Even when I was growing up, she was still a strong pillar and a shield. She helped me with homework, read me bedtime stories, and snuck a blanket over my head to cover me.

We talk about our future life choices as we fall off our bicycles, fall to our knees and start crying, and we begin our mother-daughter relationship. As adults, we can laugh at our stupidity and talk so much more, but our relationship has evolved and developed with age. I know what moods upset us when we are upset and angry and hurt or happy and in love.

We can talk about everything because she knows how to comfort and reassure us, and we know she is good for us. She will never bore or tire us, but she will never talk down to us and she will not speak back because I know how she comforted and reassured me.

Friends can be a tremendous support, but they can’t be like your mother, and she sacrificed so much for you. She endured the cruelty and peculiarity of puberty and lived her life without ceasing to help you live your life, so you sacrificed for her.

She took you out for dinner, she was there for you while you were hurt, and you just got older, but she’s been here forever.

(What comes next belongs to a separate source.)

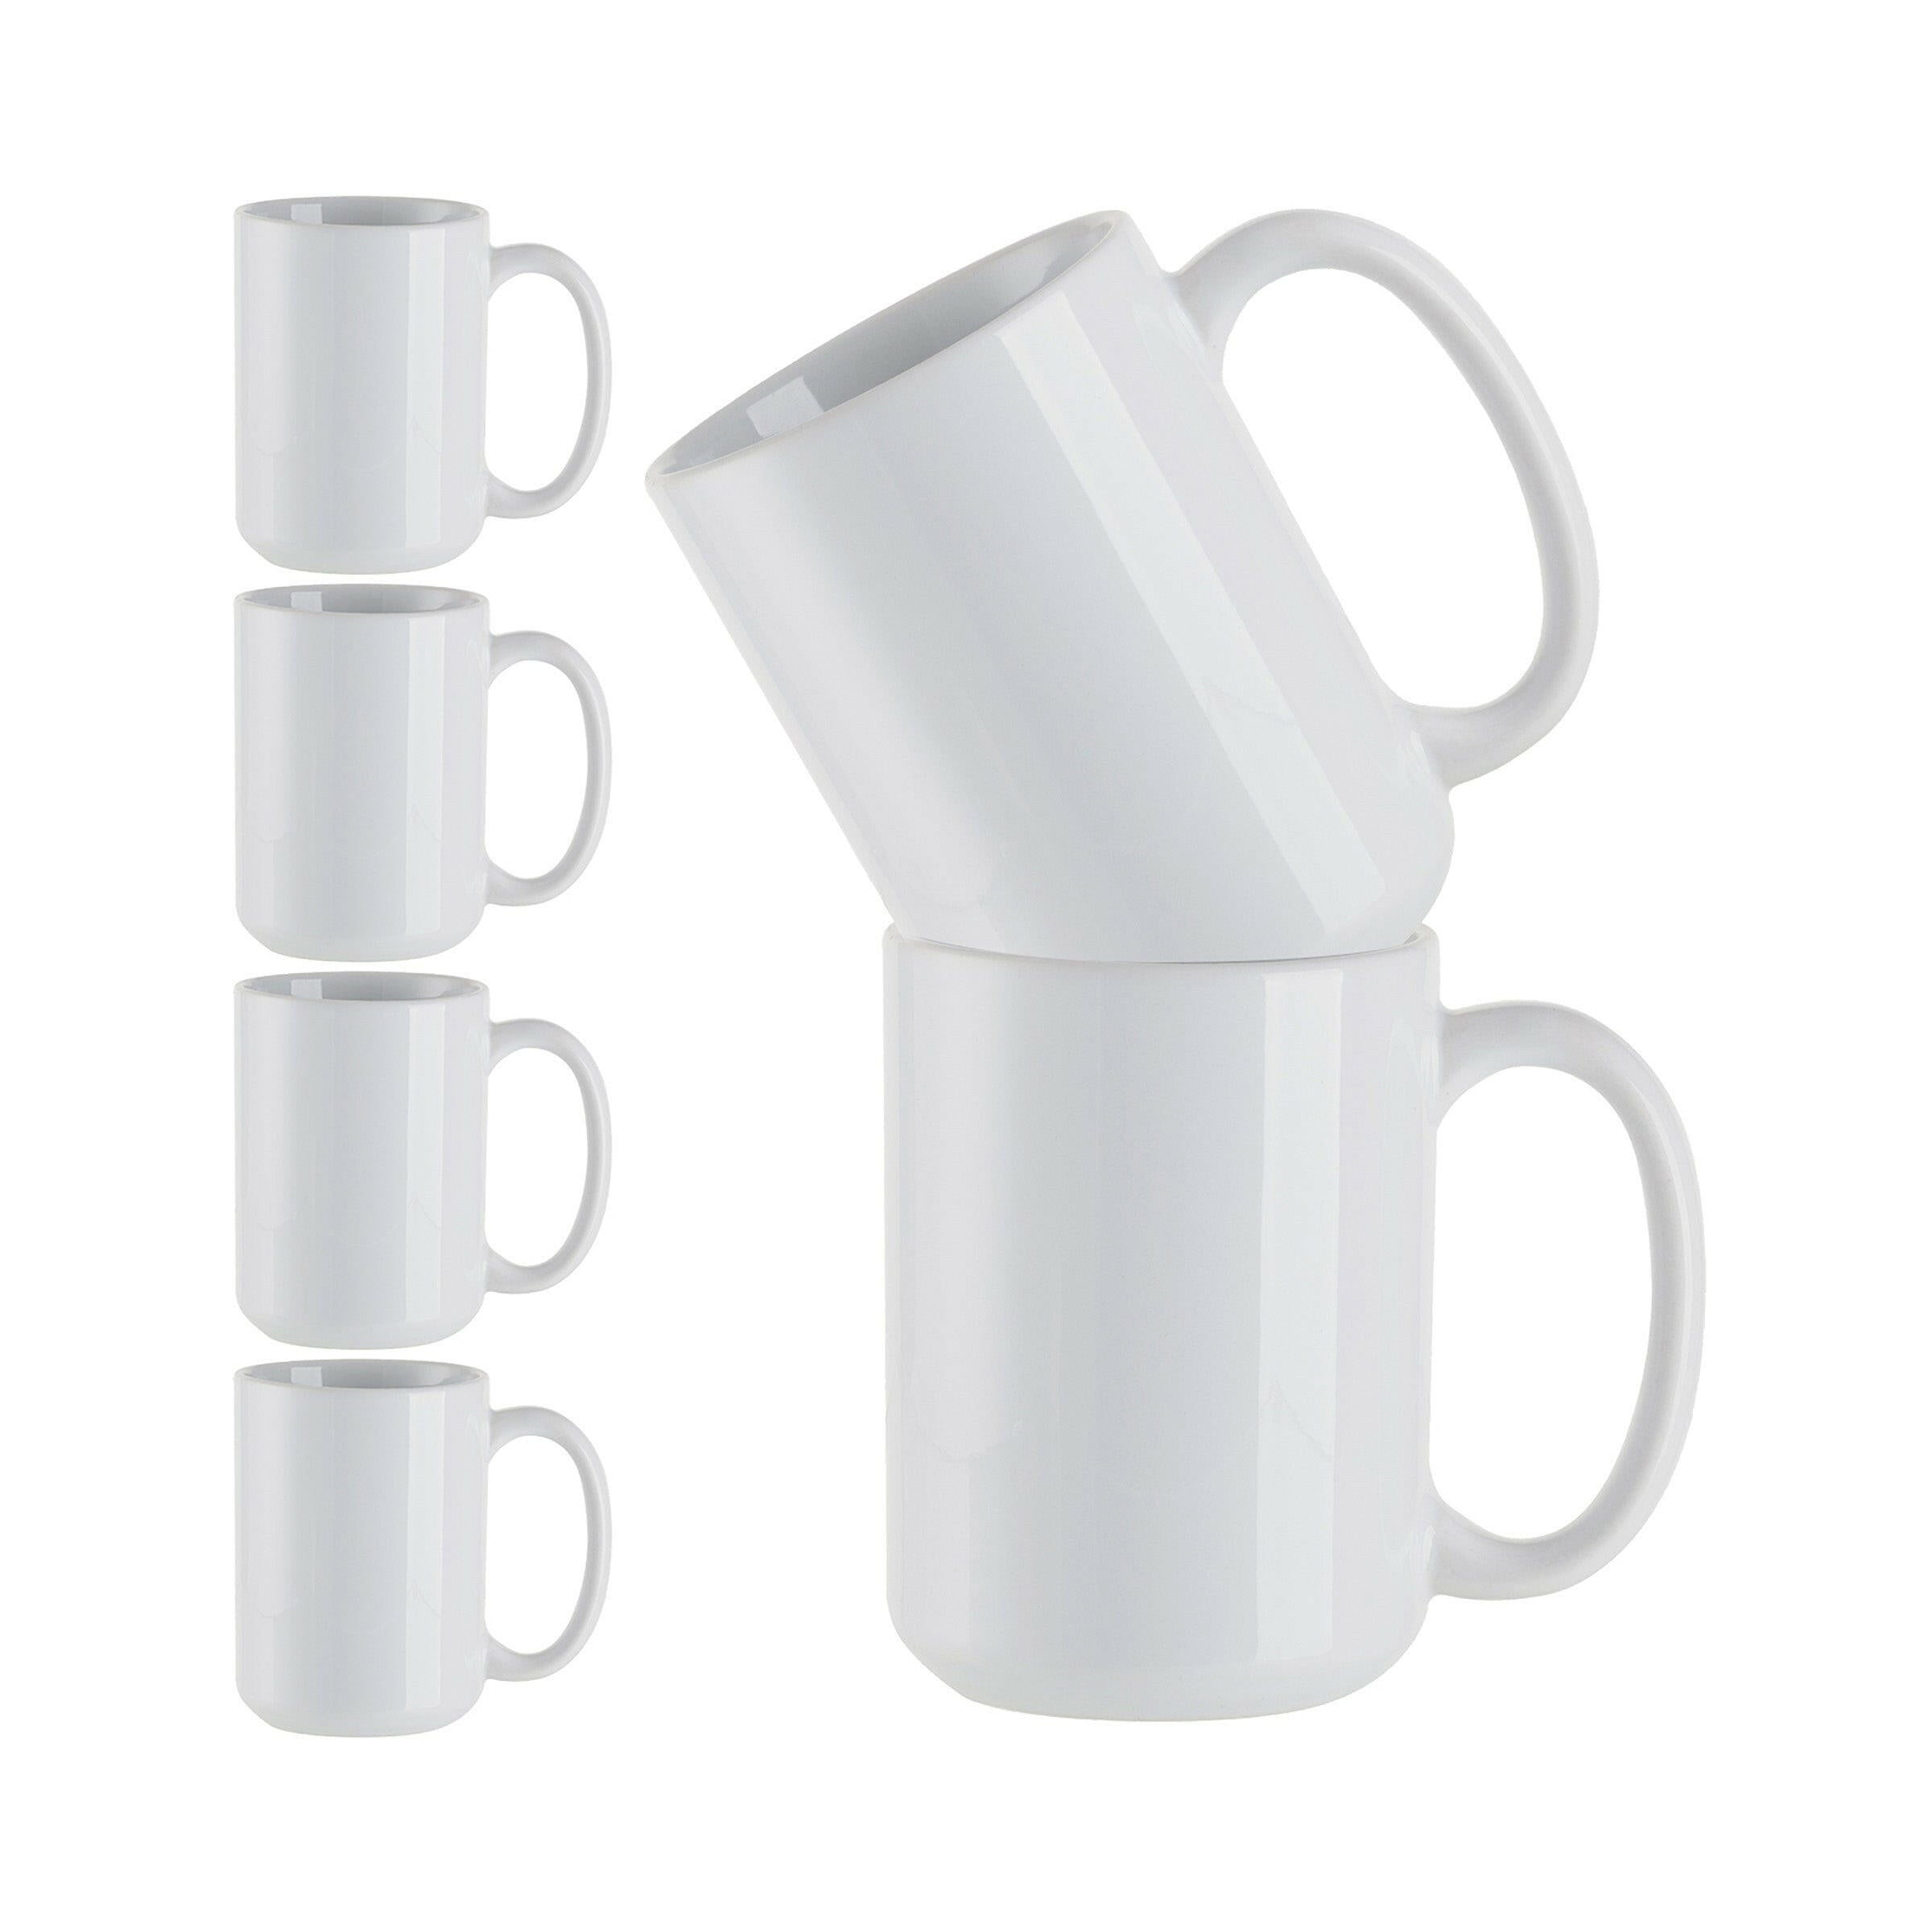 15oz White Ceramic Sublimation Mugs - 6 Pack

Life is fleeting, and the death of a parent feels like someone chopping off a pound of flesh from one of you. It feels as if the whole world stops, but it doesn’t, because life is too short and life too precious to stop.

We hear the requiem of a soul, tragic and painful, and we hear this clunky sound of departure breaking before and after. It is not easy to live under your feet on the ground, but I know that I have learned to live as a pillar and shield. I’m not sure what to do. I learned that I’m grateful for it because it’s the best thing in life.